Seems like rivets are one of the eternal problems facing any hobbyist looking to branch into heavy-duty conversions and scratch-building. There are roughly seven gajillion different methods to riveting your models, and I've tried at least 10 of 'em. Because my last two 40K forces have had rivet-intensive conversions (emORKgency! and Iron Warriors), I've developed a healthy respect for Grandt Line's line of "Augmentables." There are several useful bits throughout that page, particularly for Big Meks, but for those seeking your standard rivets, you'll need to go all the way to the bottom of the page.

Now, unless you've got a model railroad background, the scales and measurements on that page will probably have you scratching your head in confusion.

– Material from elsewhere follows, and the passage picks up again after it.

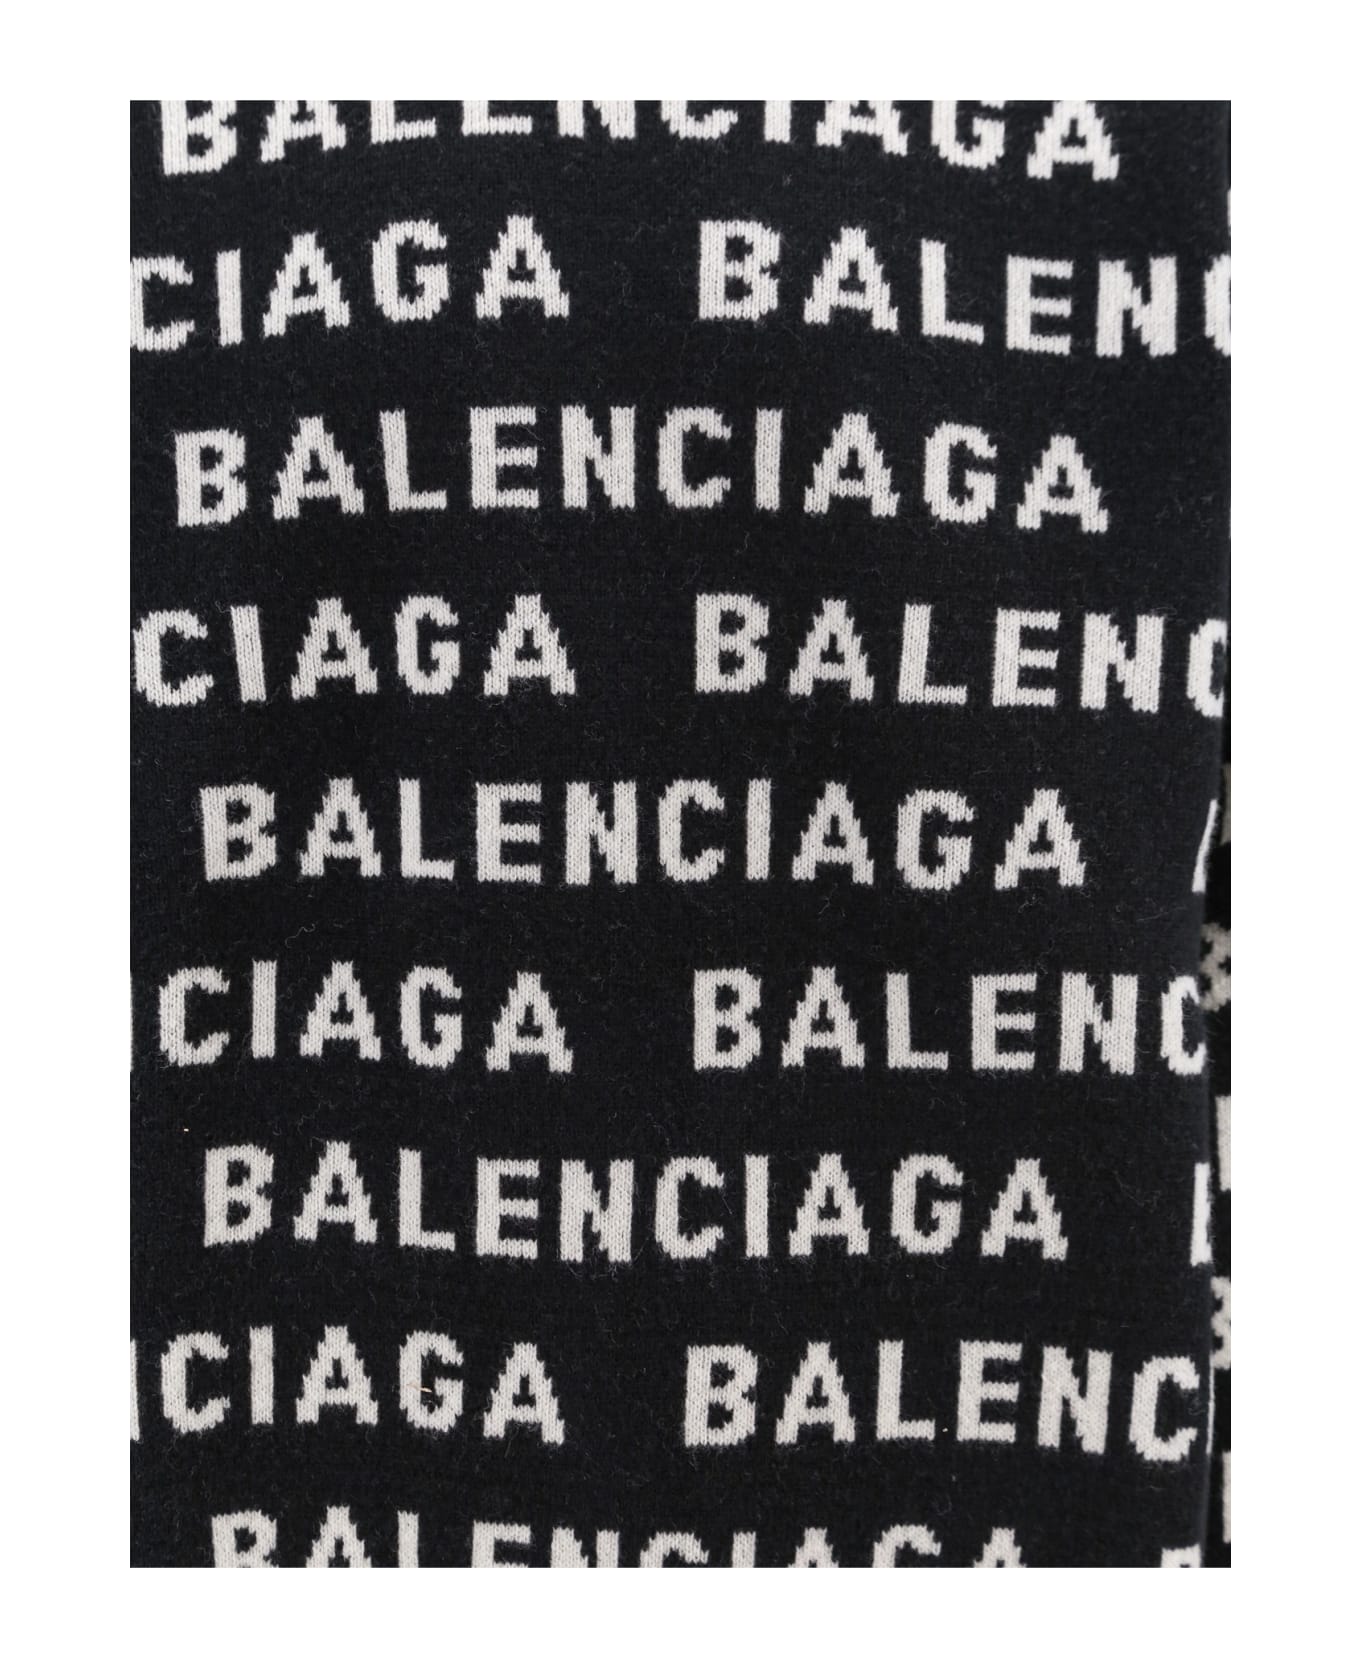 Balenciaga Sweater - Black/white
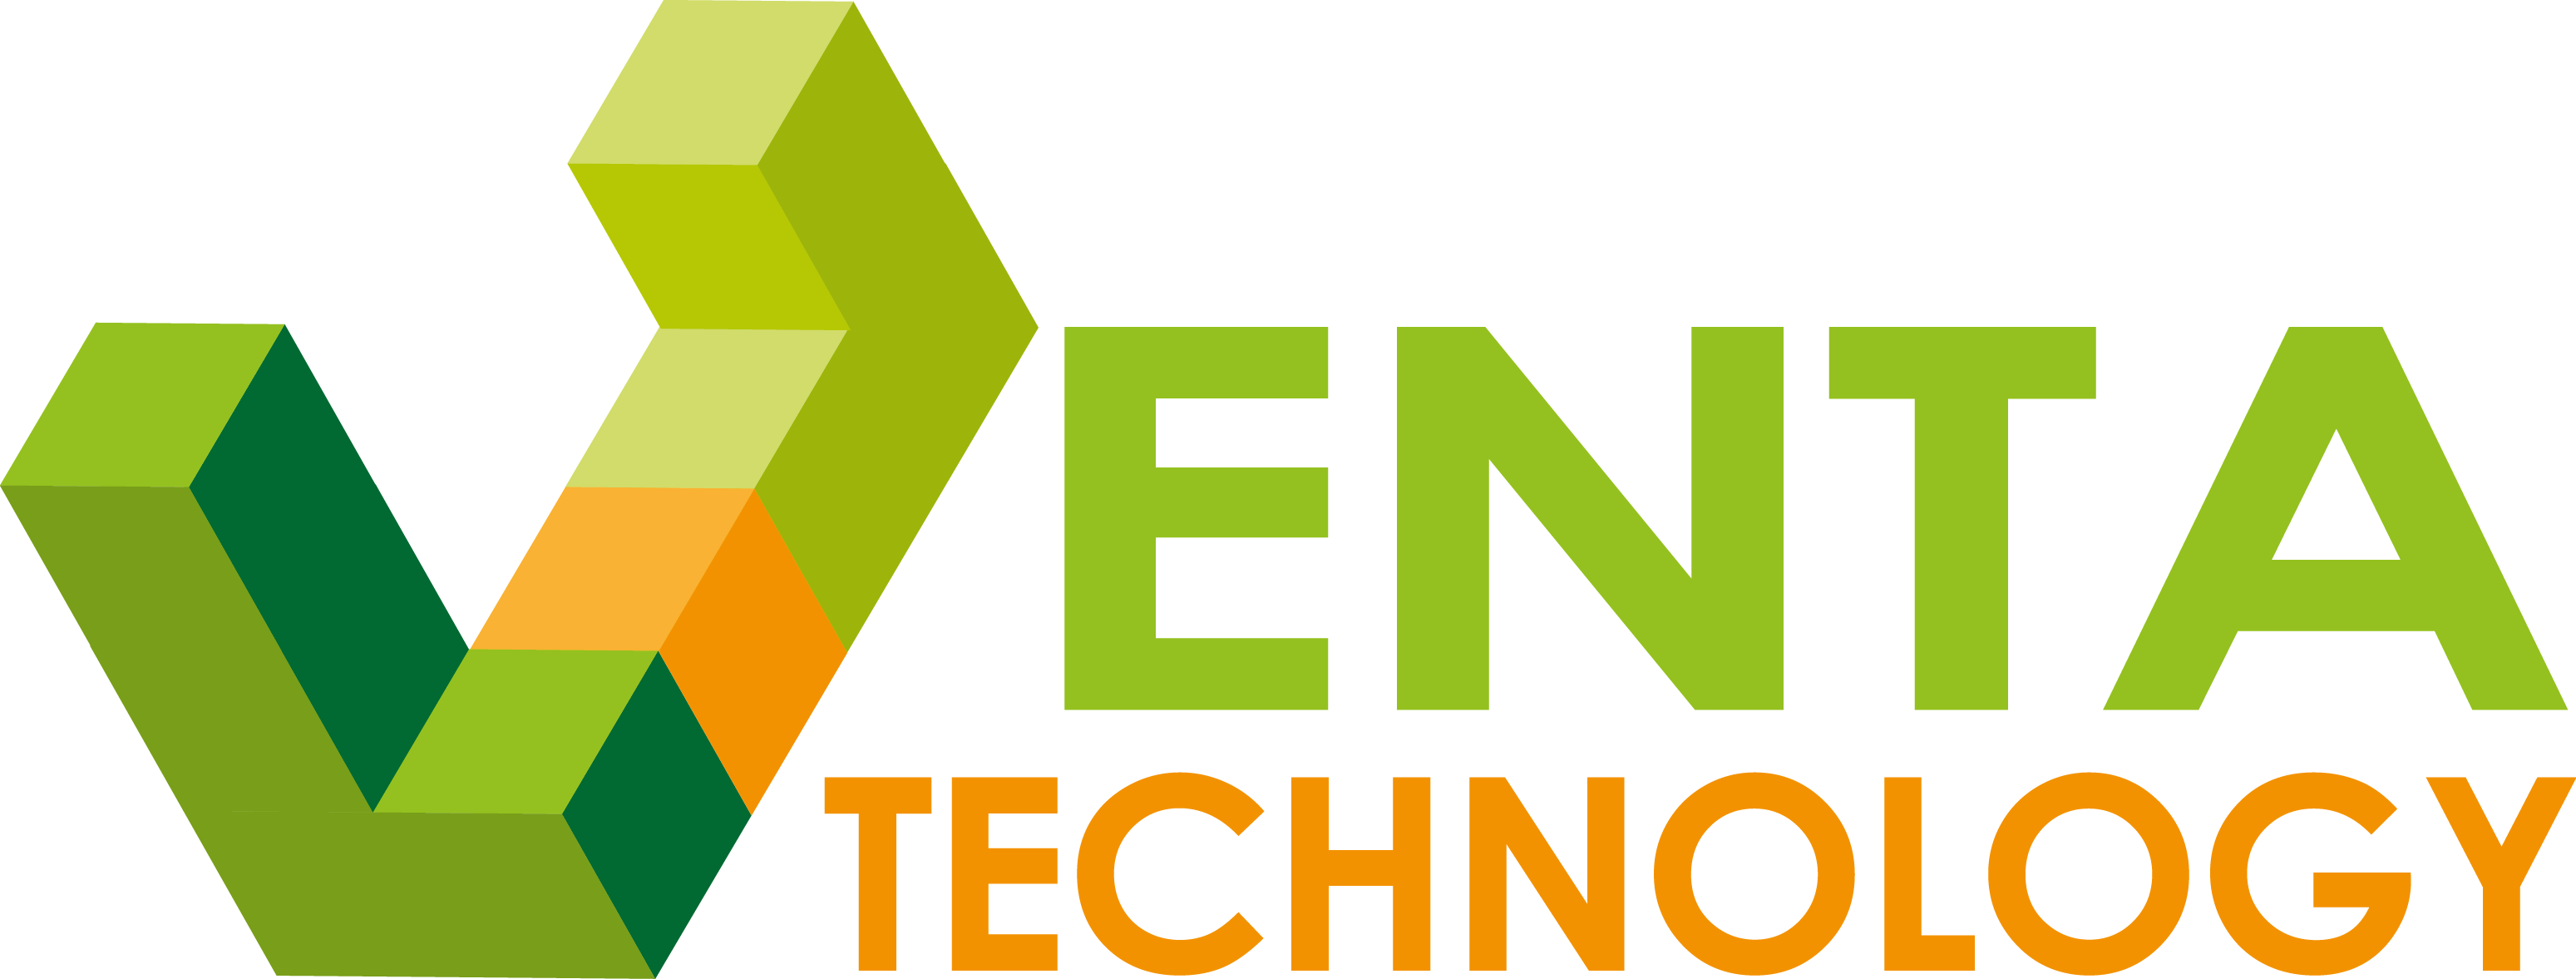 Venta-Technology

The first time I saw the page I had no clue what I was looking at. Particularly how to convert the scale and real-world size of the item into something useable.

"Just how big is a 1/4" scale 1" square nut with bolt?"
"Oh. 0.021 inches!"
"Wait... How big is that"

I went with the trial-and-error approach with my first order. I got a smattering of sizes and here's what I've found - when ordering, look at the shape to figure out what you want, then look at the column labelled "Meas. (inches)" to figure out if they've got it in a size that'll work for you. Rivet #154, 0.043", is approximately the same size as the rivets on most GW kits, and the one I've been using on all my Iron Warriors conversions. The smaller bitz tend to look real small real quick and are only good for the fiddly-est pieces of kit - engines, infantry equipment, etc. For vehicles, stick to anything 0.043" and bigger.

I don't have any of the tinier bits handy, but here are a few of the Augmentables from my recent order:

Grandt Line Rivets, Nuts & Bolts (click to zoom)

As you can see, they come 20-35 rivets/nuts/bolts per sprue and there are 5 sprues in each $3.00 pack. Coupled with their ease of use, they really can't be beat. Speaking of ease of use, I snapped some quick shots of how I use them.

Materials: model, glue, rivets, drill w/ 1/32" drill bit, hobby knife

Step 1: drill holes where you want rivets

Step 2: cut some rivets off the sprue

Step 3: put a tiny dab of glue over a few holes
(use a thin glue to avoid "glue bubbles" around the rivet)

Step 4: use sharp edge of hobby knife to place rivets in holes

Step 5: position the rivet flush with no drill hole showing

Step 6: fill all your holes

Step 7: use up all your rivets

Step 8: order more rivets

They're stupidly easy to implement, more consistent than any "home-made" rivets I've ever tried, and having them drilled into the model makes them far less likely to fall off your model from rough handling than any of the "glue to the model's surface" rivets I've used. For Orkz, I use a variety of sizes and shapes, usually switching up the spacing and rivet type between armour plates to give it that haphazard, sons of Gork & Mork feel. For Imperials, I find the regular rivets work wonders and try to keep consistent spacing throughout to give it that mass-manufactured look.

Hope some of you find this useful, and happy riveting!